Last Sunday the Nature Foundation organized a beach cleanup on Simpson Bay Beach as part of the ‘Save our Sharks’ project in collaboration with the Dutch-based Boskalis Beach Clean Up tour. The Boskalis tour is an initiative of the North Sea Foundation where business, consumers, civil society, and government clean the entire Dutch coast. This year the cleanups were held throughout the entire kingdom for the first time with all the Dutch Caribbean islands participating.

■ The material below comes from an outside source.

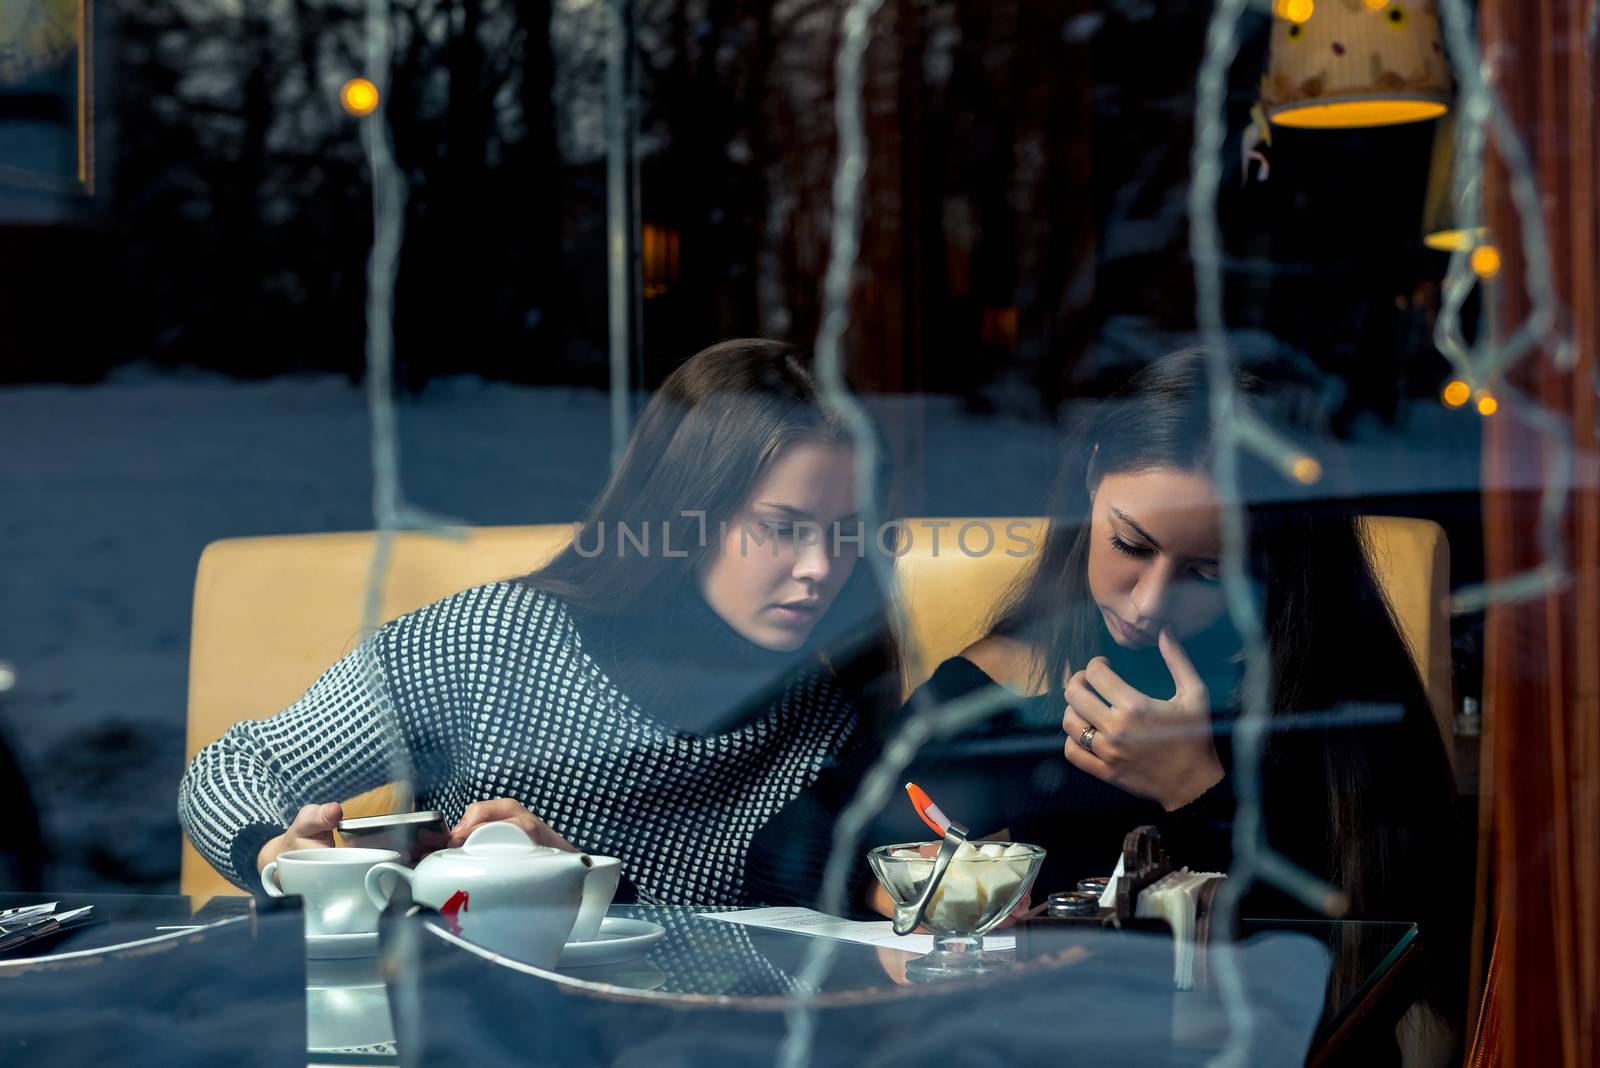 Communication of girlfriends, a meeting in a cafe, shooting behind a glass
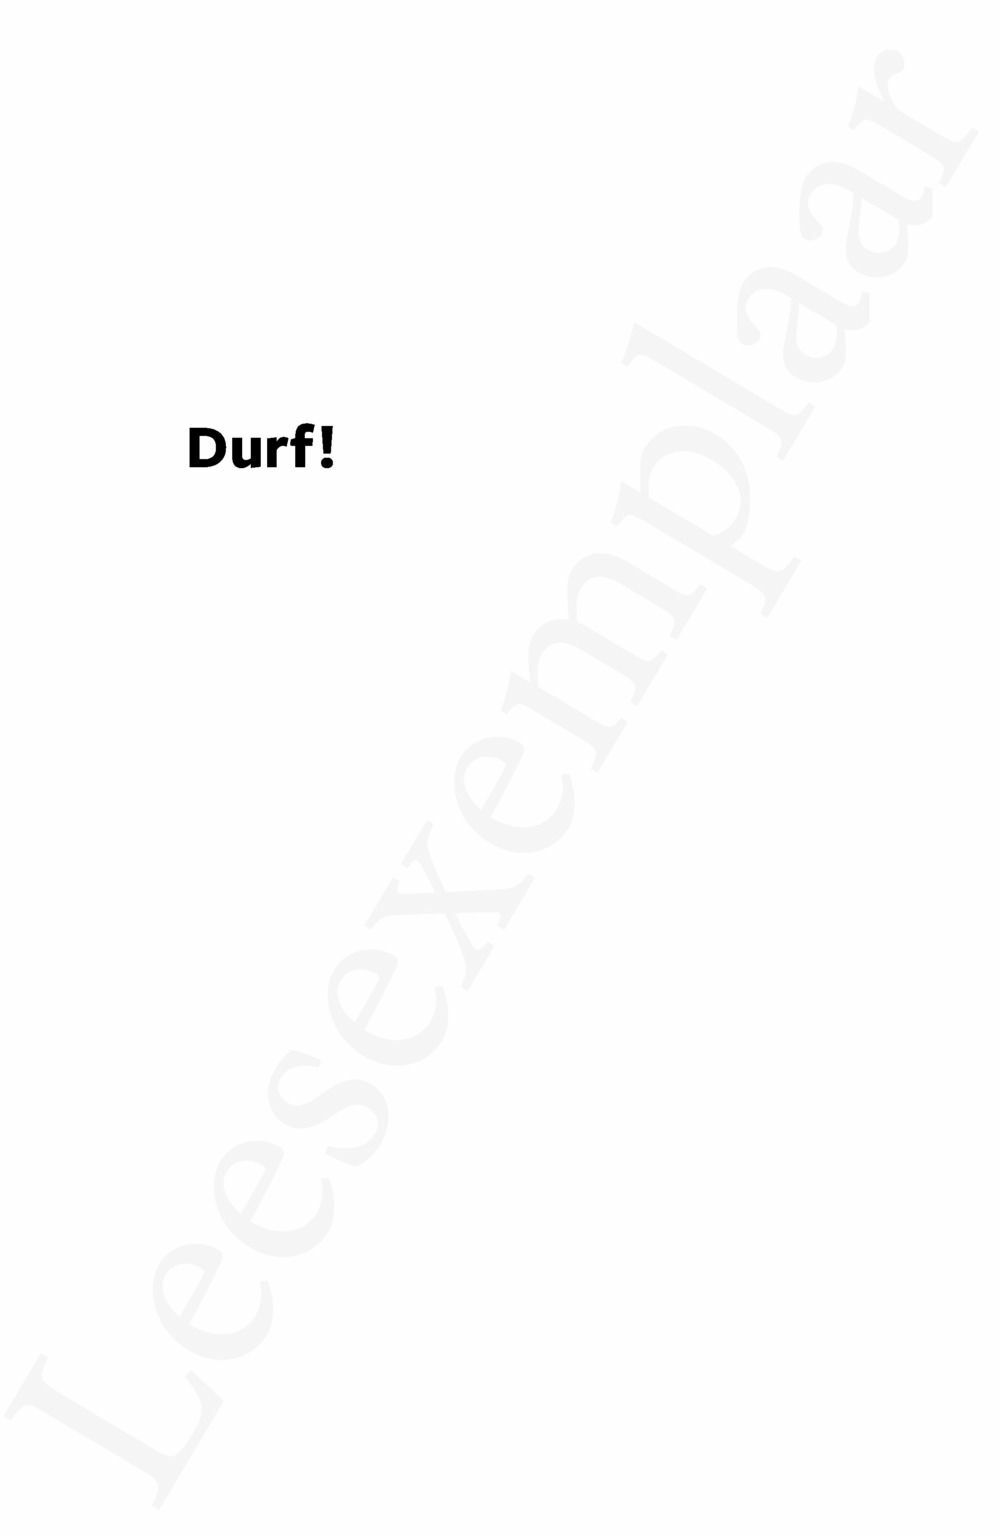 Preview: Durf!

At least eighty volunteers showed up to help preserve nature, marine life and wildlife on St Maarten by cleaning up Simpson Bay Beach. Around 200 kg of garbage and trash was collected including straws, plastic bottles, cans and large car tires. The volunteers cleaned the beach for more than two hours and they learned about the major impacts of trash on the local environment. The Nature Foundation also explained about the possibilities to reduce plastic waste, such as the use of paper straws instead of plastic straws, reusable cutlery and reusable shopping bags instead of plastic bags.

The first fifty participants received the first reusable shopping bags from the ‘Save our Sharks’ project, this is a great example for how residents can reduce plastic waste. The Foundation is asking the community to stop accepting single-use plastic bags at stores; these bags have significant negative impacts on the local environment and wildlife. Birds are often found dead with stomachs full of plastic and marine life often entangles in plastic waste, killing them. Research also shows that 48% of fish humans consume contains plastic. “Especially as an island nation, we depend on our oceans, tourists come from far to see our beautiful marine life, therefore we also need to have a clean ocean as a priority,” commented Nature Foundation Project Manager Melanie Meijer Zu-Schlochtern.

The Foundation would like to thank Karakter Beach Bar for their support by providing drinks for all participants. Karakter already uses recyclable plastic cups and during the cleanup also announced that they will start to use paper straws instead of plastic straws. The Nature Foundation hopes more establishments will follow this initiative.